• _TASK TO CARRY OUT_:
Here is the task for the listing below: output exactly the lines from the one containing "ゲートウェイセキュリティ powered by" through the one containing "Taglio del nastro", and leave out the pictures.

• _EXERCISE DATA_:
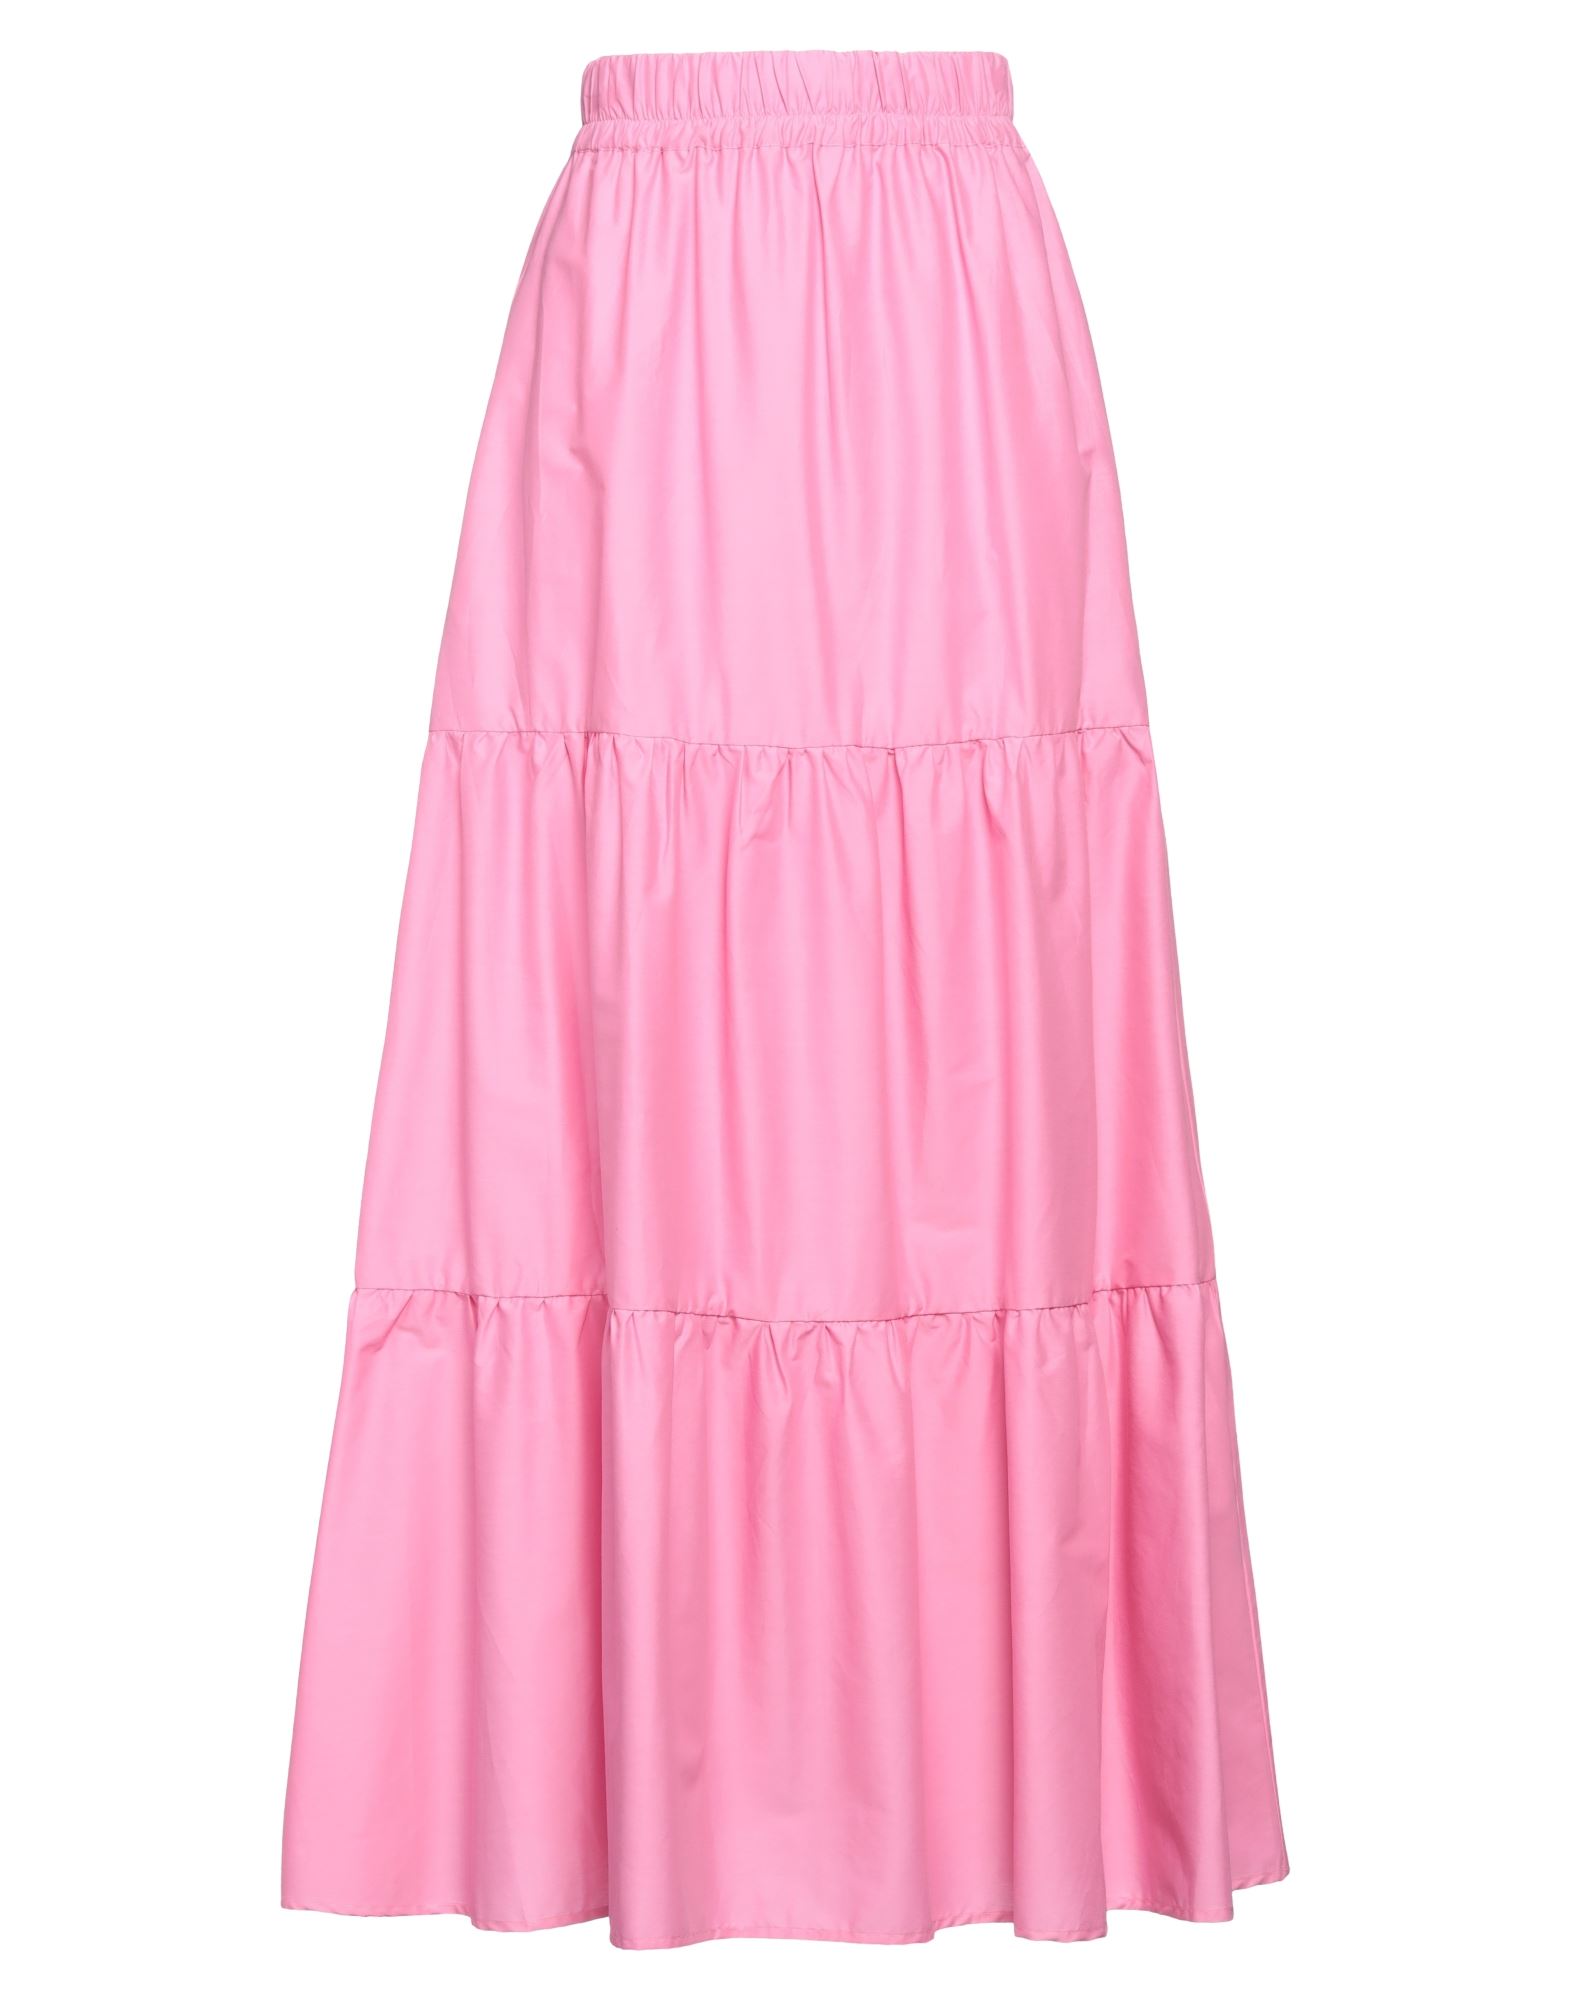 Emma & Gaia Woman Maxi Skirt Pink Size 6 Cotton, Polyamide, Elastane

* * *

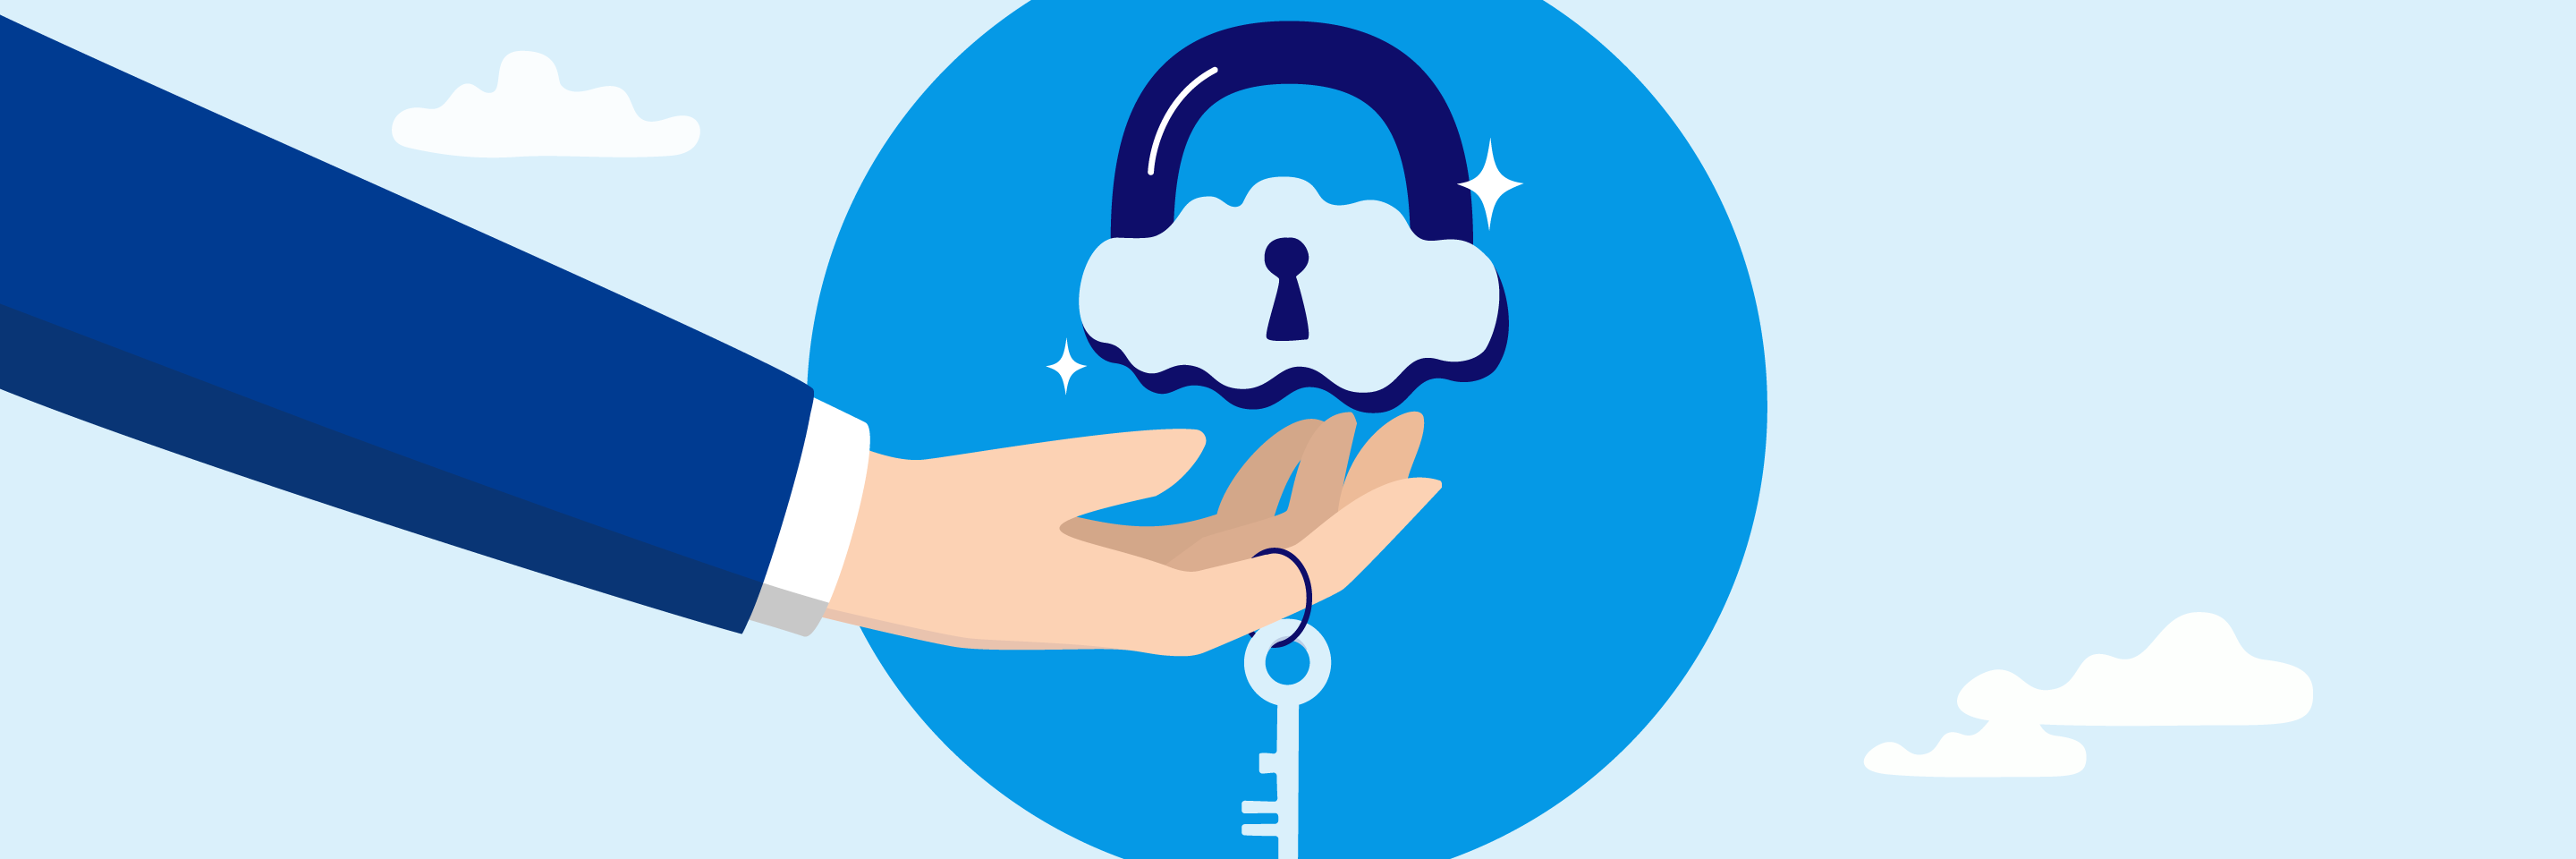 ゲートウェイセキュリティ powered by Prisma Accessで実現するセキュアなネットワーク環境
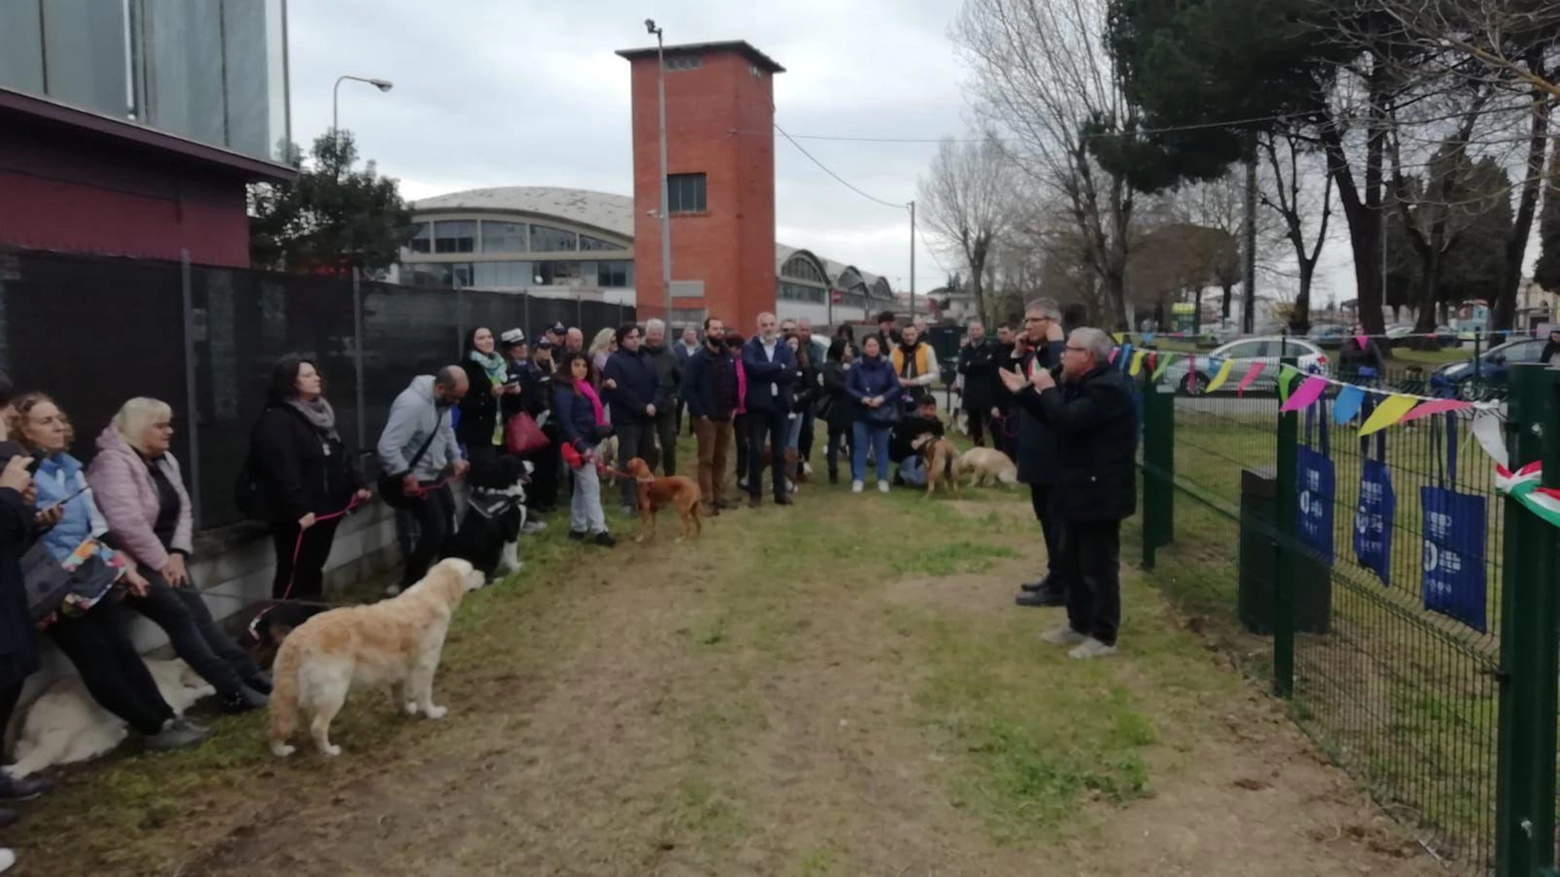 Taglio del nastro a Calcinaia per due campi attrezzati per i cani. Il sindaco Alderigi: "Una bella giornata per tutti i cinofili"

• _TASK OUTPUT_:
 ゲートウェイセキュリティ powered by Prisma Accessで実現するセキュアなネットワーク環境
 Taglio del nastro a Calcinaia per due campi attrezzati per i cani. Il sindaco Alderigi: "Una bella giornata per tutti i cinofili"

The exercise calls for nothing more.